PLUS UP: The ART program in Ethiopia has gathered momentum and the number of sites providing ART has dramatically increased. Many sites which started treatment services have inadequate space and infrastructure, which is an obstacle to rapid expansion of services with acceptable quality. As part of HIV/AIDS treatment, care and prevention implementation, PEPFAR Ethiopia has supported infrastructure and capacity development of health facilities, including major construction and minor renovations for laboratory, ART clinic, VCT, and pharmacy services. For rapid ART scale up and to reach targets, extensive renovations are still required in most hospitals. The infrastructure for VCT, ANC/PMTCT, ART and laboratory services is also limited and does promote rapid expansion of ART. PEPFAR Ethiopia has supported renovation of national and regional reference laboratories, hospital laboratories, and VCT, PMTCT and ART clinics.The effort to increase infrastructure capacity needs further augmentation due to the increased number of ART sites so that scale up will continue at full pace while maintaining the service quality to the ever-increasing HIV patients. Hospitals, which are currently managing the vast majority of patients on treatment and serving as referral hubs for health centers, have enormous patient load and demand. Optimal working space for service delivery is critical at this time since most treatment occurs at hospitals. Through the plus up funding, comprehensive renovation of 15 ART hospital sites and three regional reference laboratories to accommodate the increasing demand for quality HIV/AIDS services will be undertaken; this will create an improved environment for program expansion and help maintain the quality of HIV service delivery.
Small Grants Program
This is an ongoing activity.
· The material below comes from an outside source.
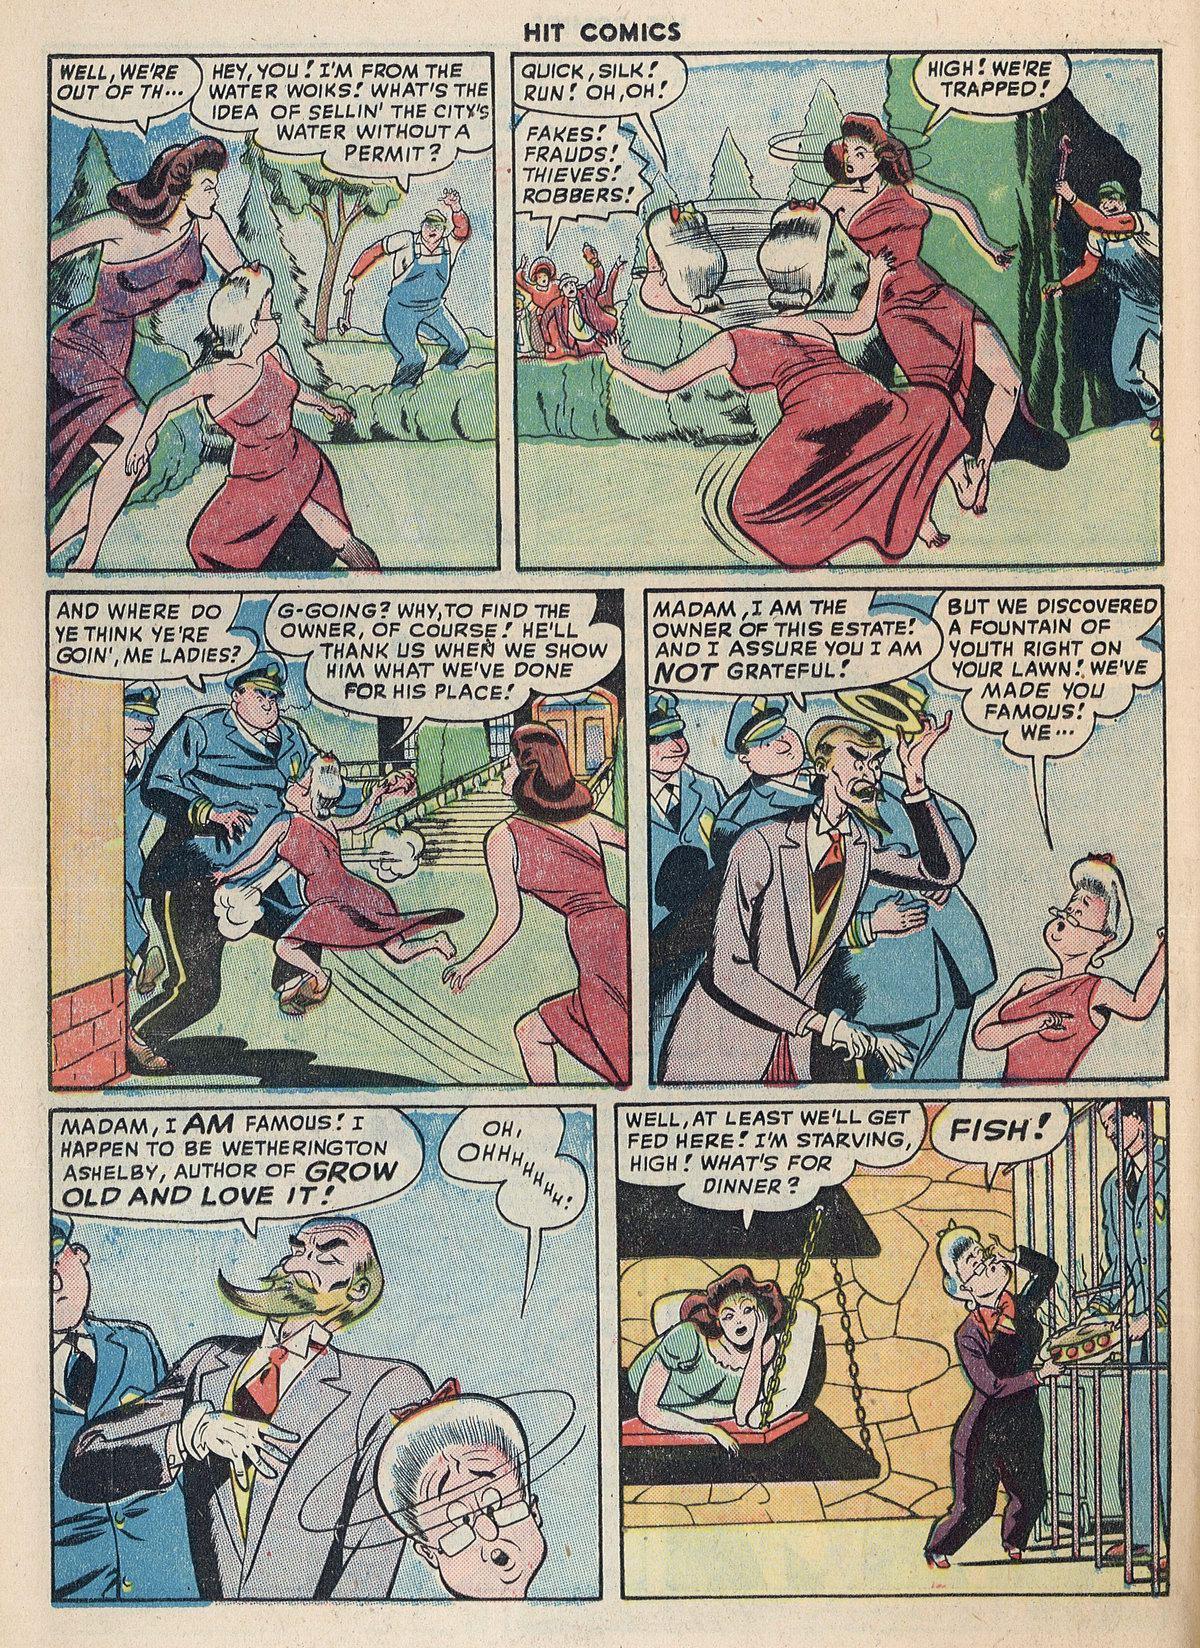 Read online Hit Comics comic -  Issue #55 - 20

Several factors conspired in FY06 to prevent PEPFAR Ethiopia from offering small grants. However, we feel confident that the program will get underway in FY07 and are aware of the need to reach these organizations in Ethiopia,
During COP07, PEPFAR Ethiopia will craft a granting program that will address the unique needs of nascent community and faith-based organizations in Ethiopia, and allow PEPFAR Ethiopia to provide rapid funding such organizations directly supporting its goals. The granting program will seek C/FBO with new and creative approaches and ones working in targeted areas,
Selection criteria and program parameters will be developed to ensure compliance with USG procurement regulations. Requests will go to the PEPFAR Ethiopia Working Groups for technical review and approval. The PEPFAR Ethiopia Country Coordinator will provide direct oversight and accountability. These grants will be for between USD 5,000 and 30,000 with duration of no more than one year. PEPFAR Ethiopia is aware of the necessity of providing ongoing support to this type of organization and will make every effort to address the organizations' needs. Each grant is expected to contribute to PEPFAR Ethiopia targets.
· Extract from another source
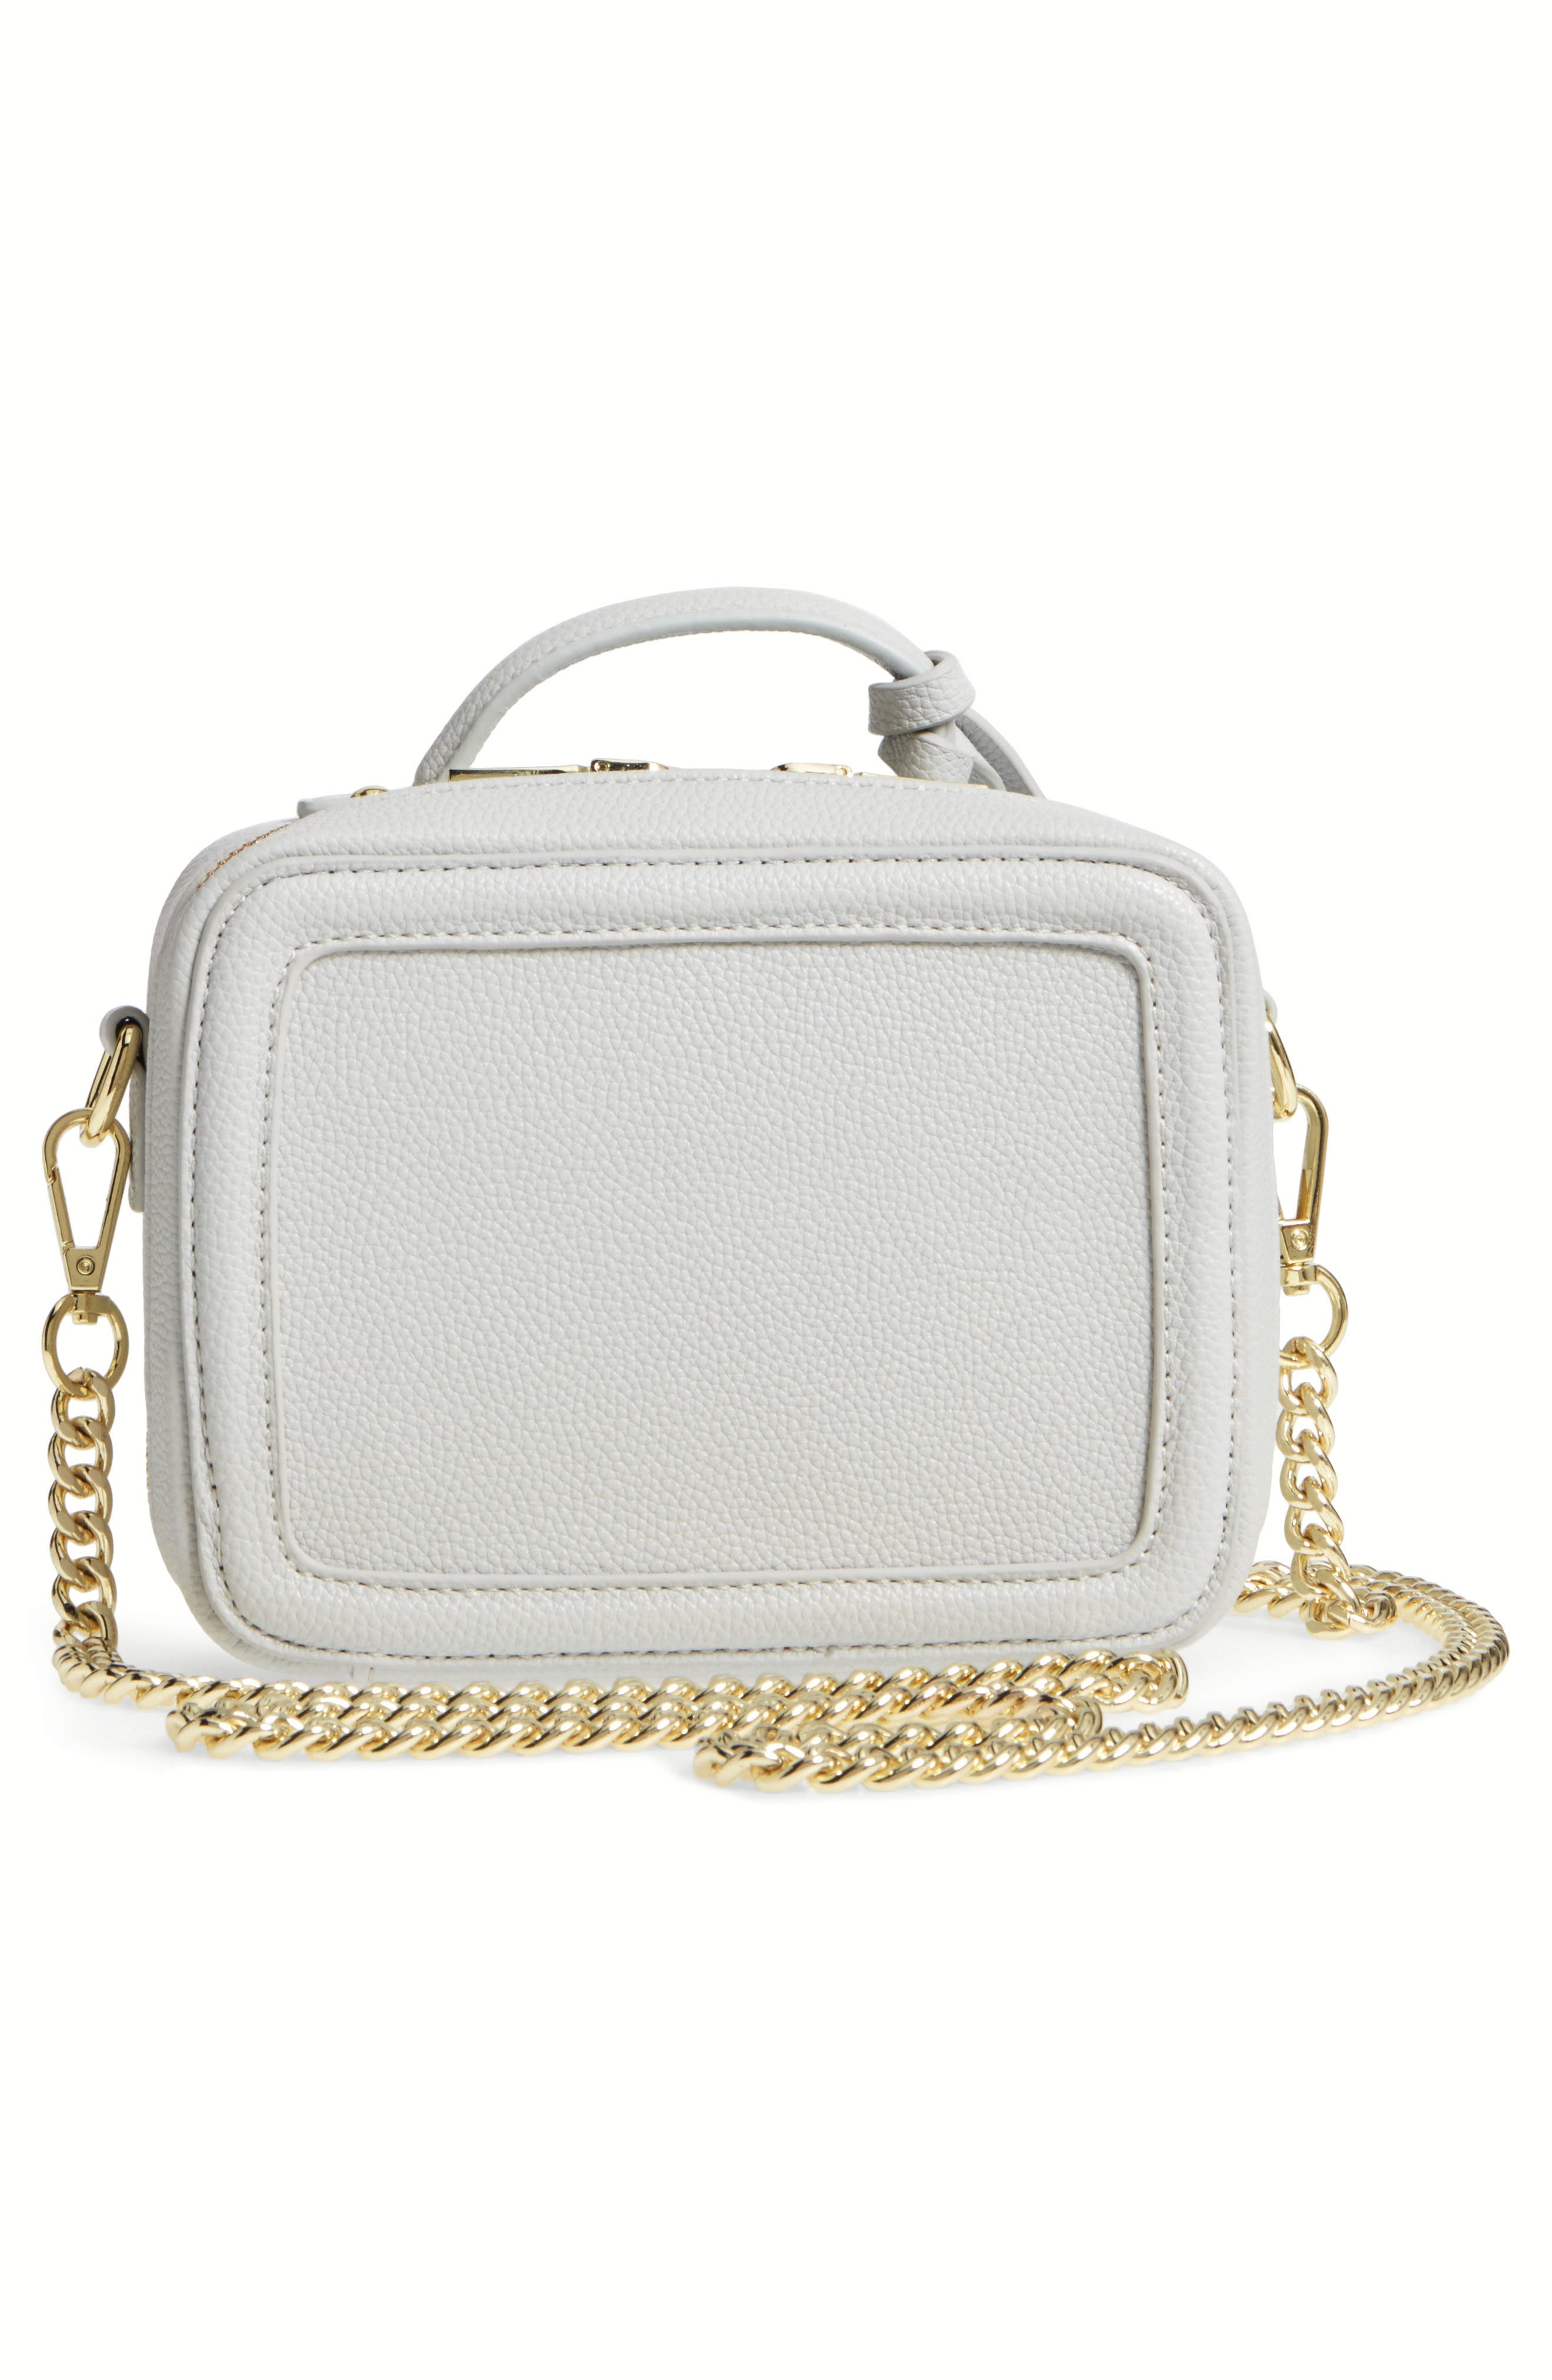 Taylor Faux Leather Crossbody Bag,                             Alternate thumbnail 3, color,

The PEPFAR Coordination Office, located at the Embassy, serves to facilitate development and implementation of a unified Emergency Plan that makes best use of the comparative advantages and competencies of participating USG agencies. The country coordinator reports directly to the DCM. The project support assistant serves as the coordinator's operational, logistical, and administrative assistant. The amount represents the basic costs of managing the Coordination Office including meetings (partners and technical), personnel, and contractors' fees.